START PROVIDED DATA

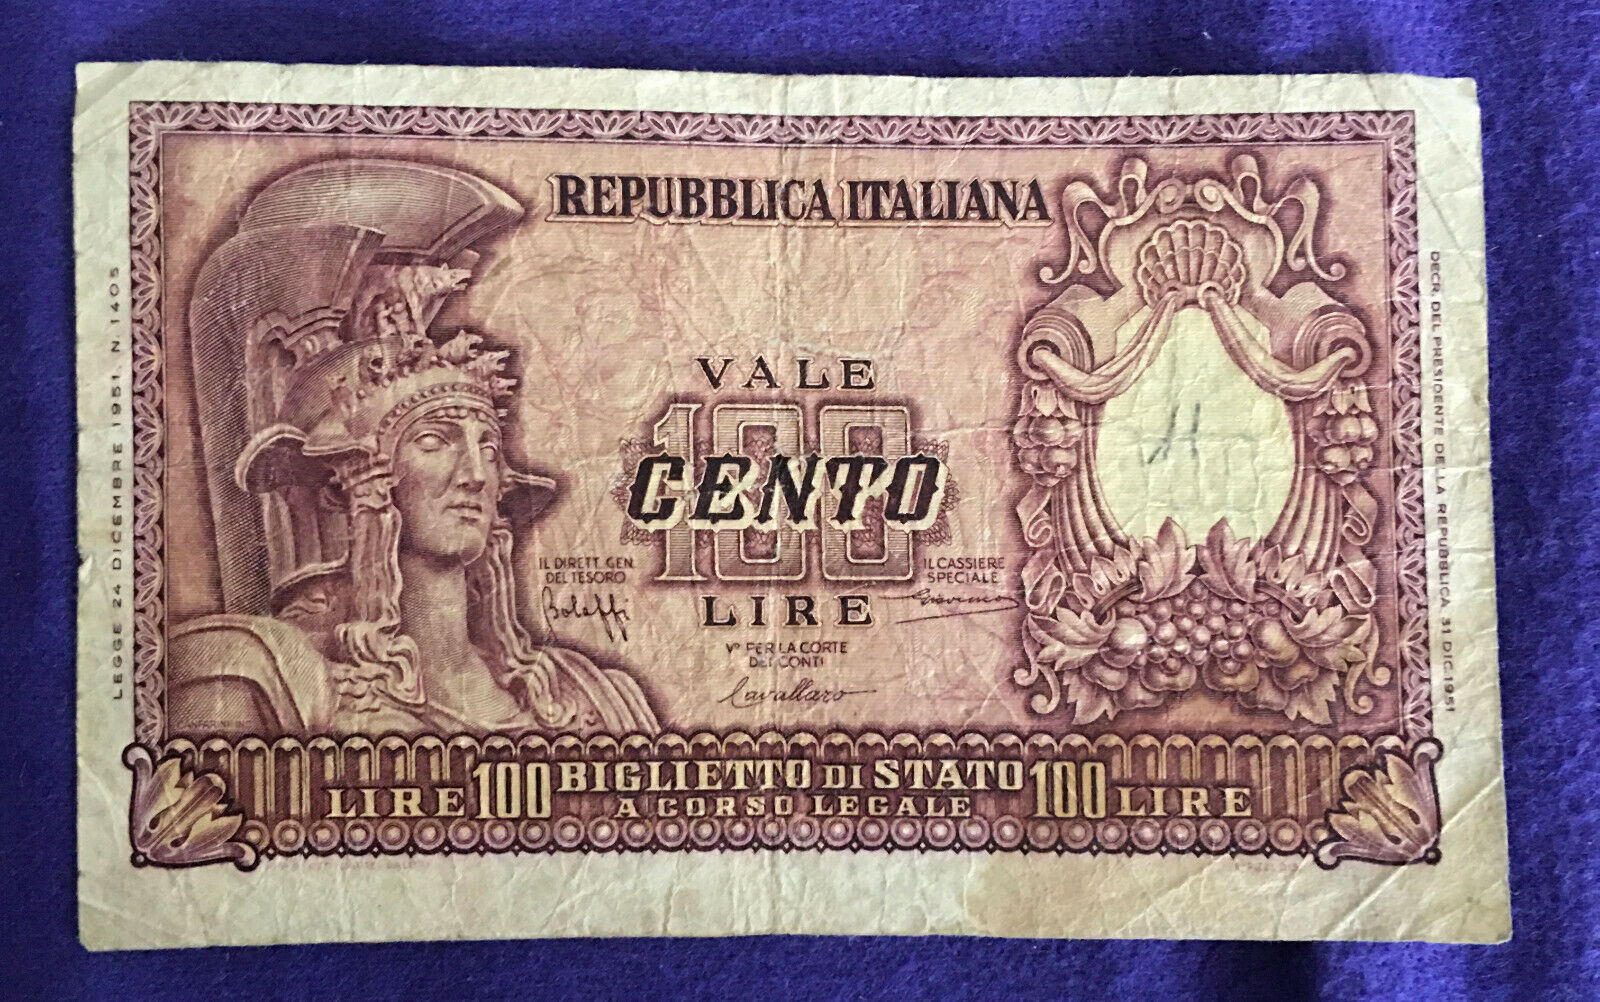 ITALY 1951 100 LIRE NOTE
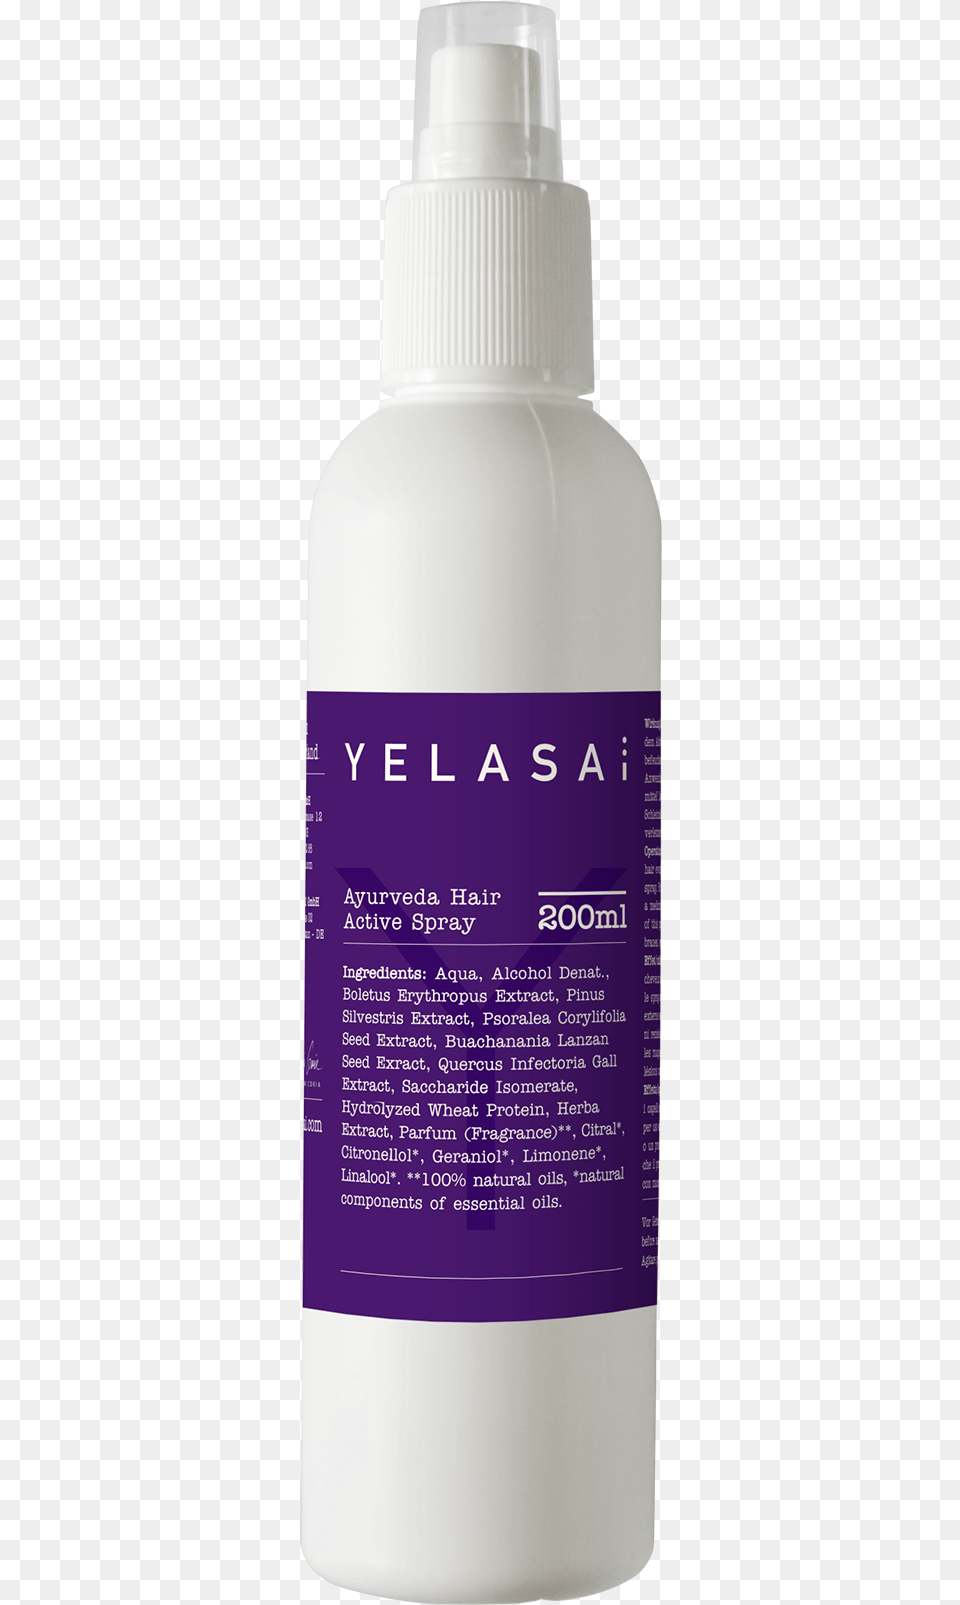 Ayurveda Hair Active Spray 200ml Body Wash, Bottle Free Transparent Png
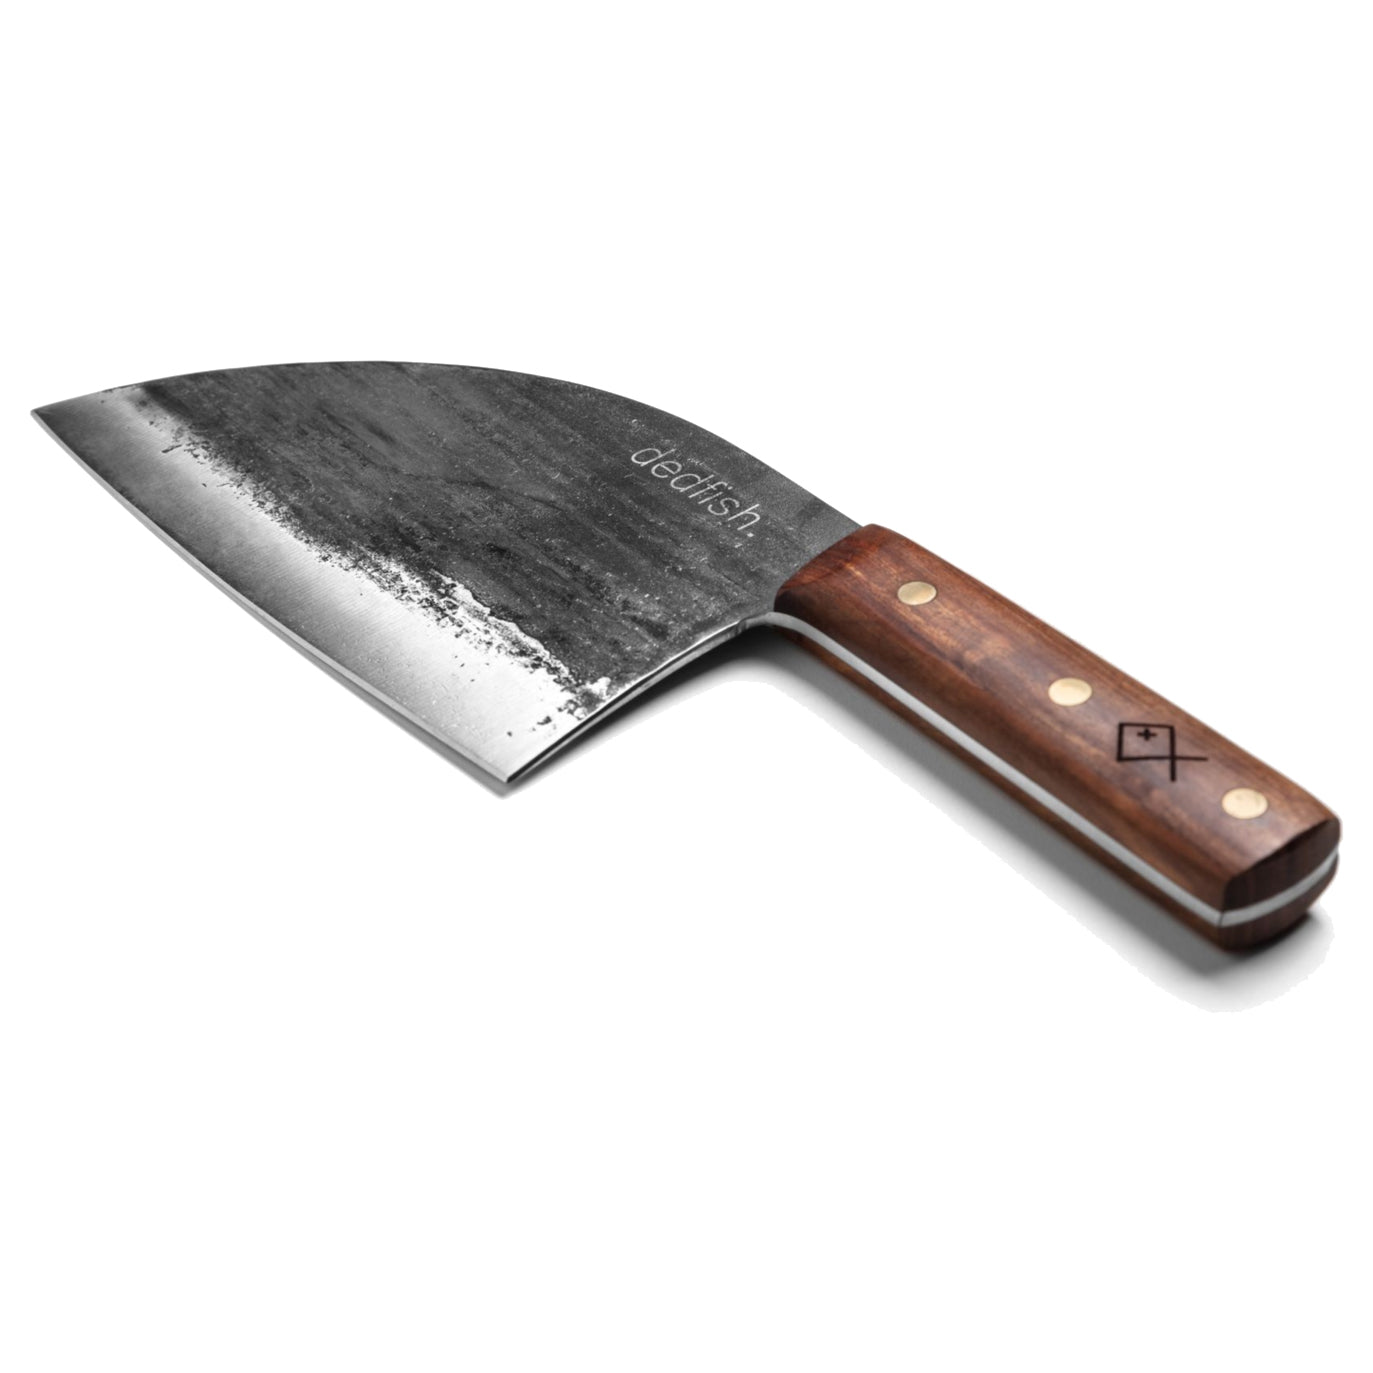 Dedfish Co. Kitchen Butcher Knife With Leather Sheath_6_cc

END PROVIDED DATA

TASK OBJECTIVE
From the material above, copy everything exactly but the pictures.

SOLUTION BELOW
 ITALY 1951 100 LIRE NOTE
 Ayurveda Hair Active Spray 200ml Body Wash, Bottle Free Transparent Png
 Dedfish Co. Kitchen Butcher Knife With Leather Sheath_6_cc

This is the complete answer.